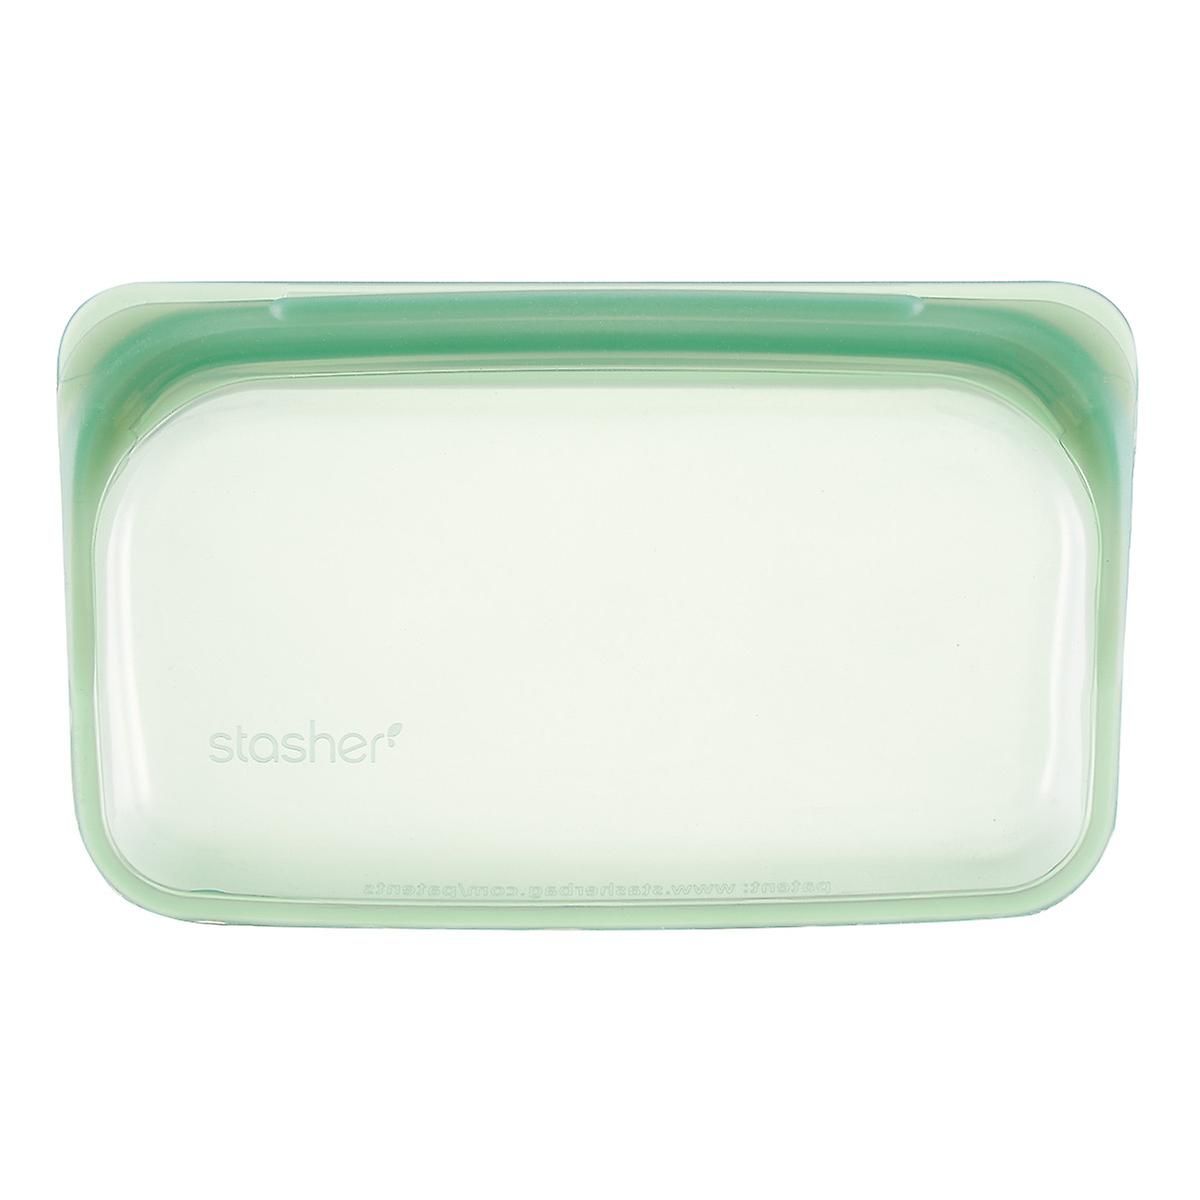 Stasher Agave Silicone Reusable Storage Bag | The Container Store
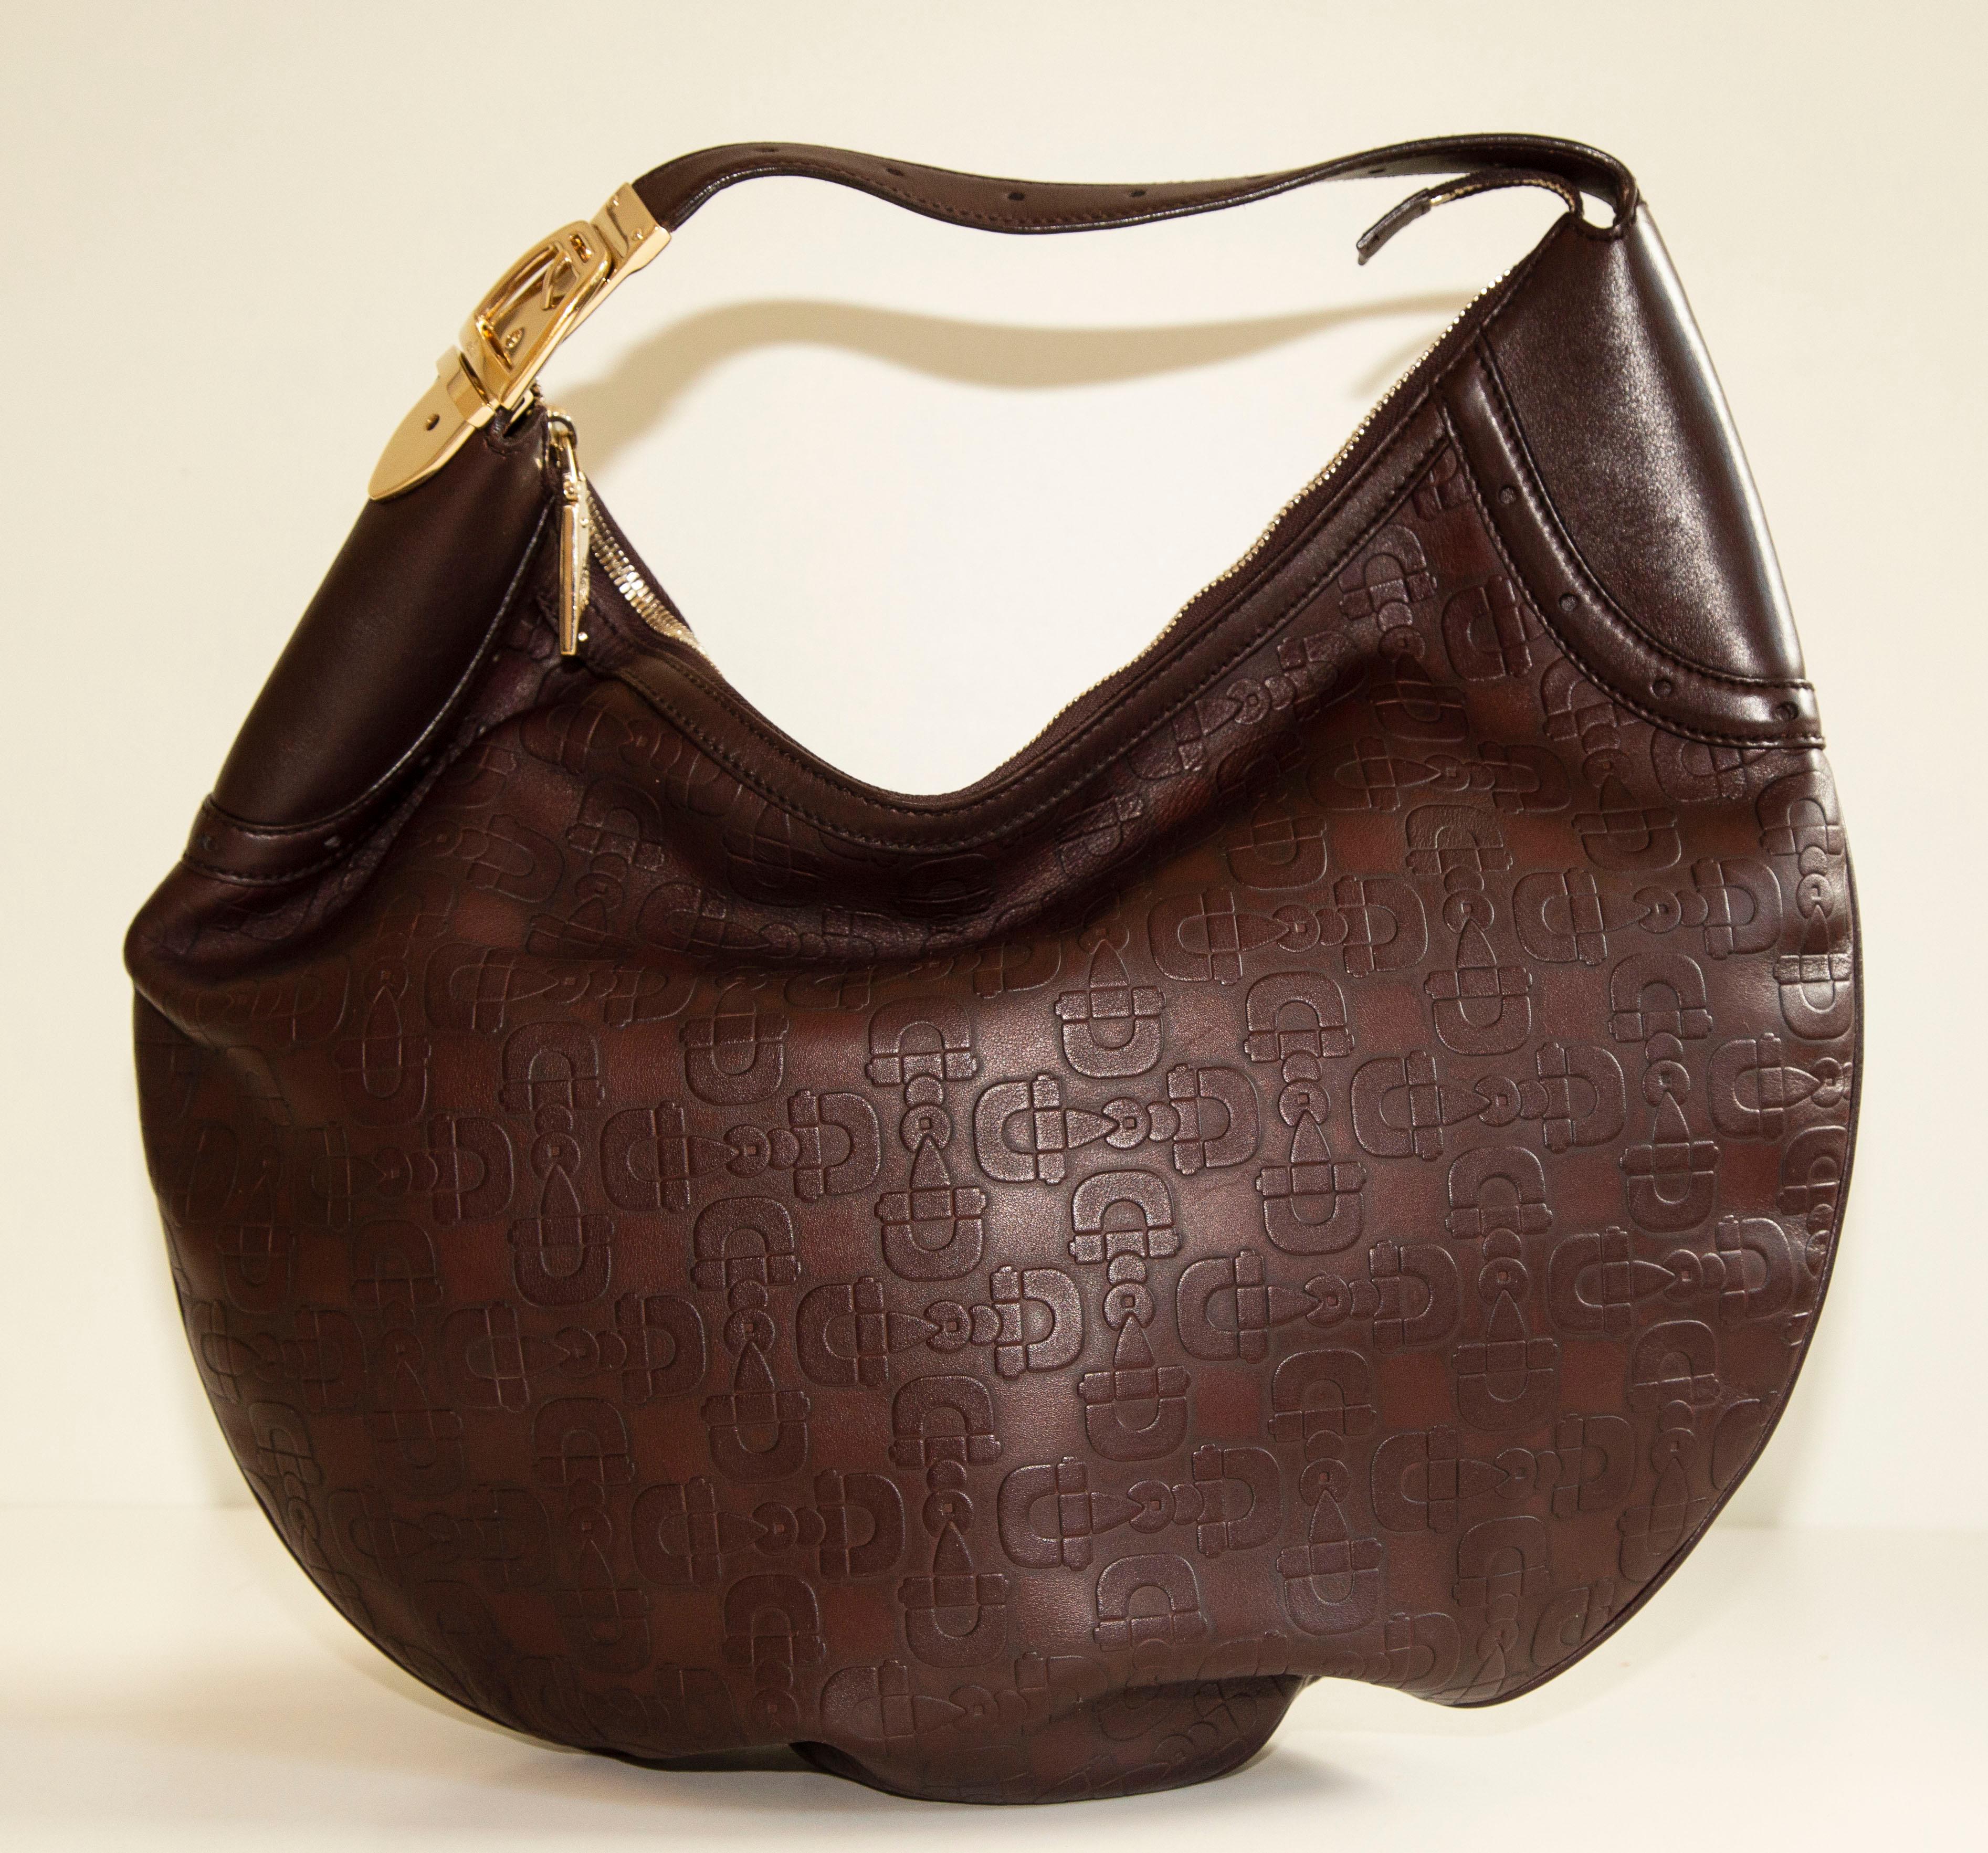 A vintage, genuine Gucci brown/dark bordeaux leather horsebit embossed buckle hobo shoulder bag with gold-tone hardware. The interior is lined with dark brown fabric and it consists of one central compartment and one side pocket with a zipper. The
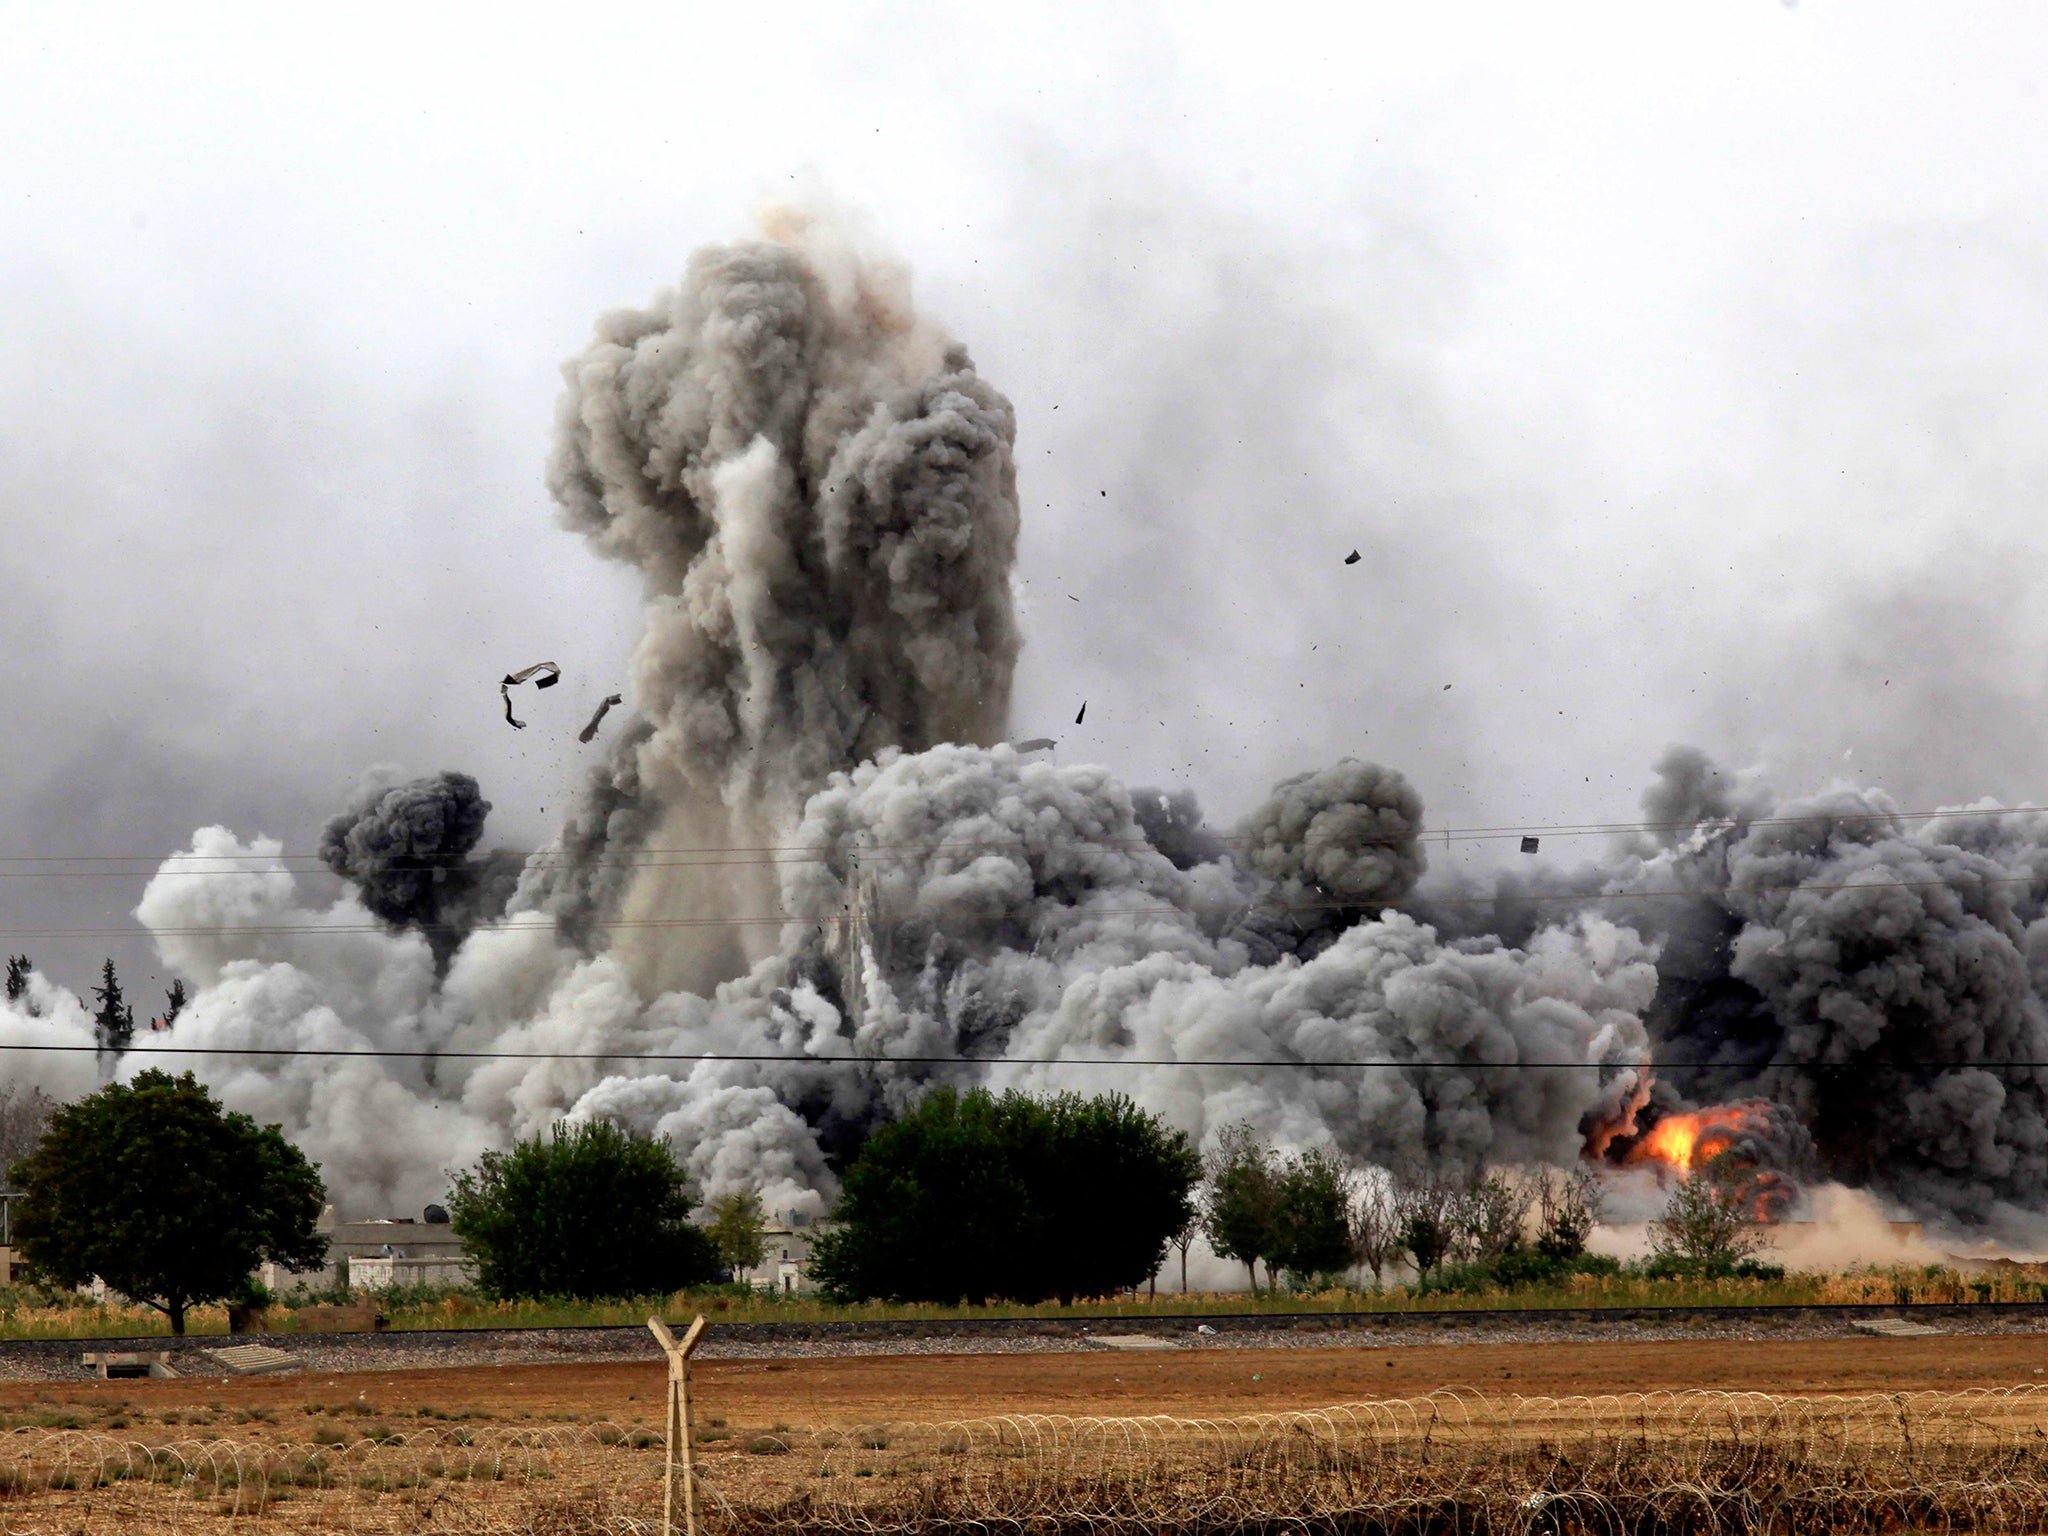 The battle for control of Kobani between Kurds and Isis fighters has raged for a month

= = = = =

§ What this task involves:
Transcribe the listing in full. Leave the pictures out.

§ Completed task:
 Stasher Agave Silicone Reusable Storage Bag | The Container Store
 A vintage, genuine Gucci brown/dark bordeaux leather horsebit embossed buckle hobo shoulder bag with gold-tone hardware. The interior is lined with dark brown fabric and it consists of one central compartment and one side pocket with a zipper. The
 The battle for control of Kobani between Kurds and Isis fighters has raged for a month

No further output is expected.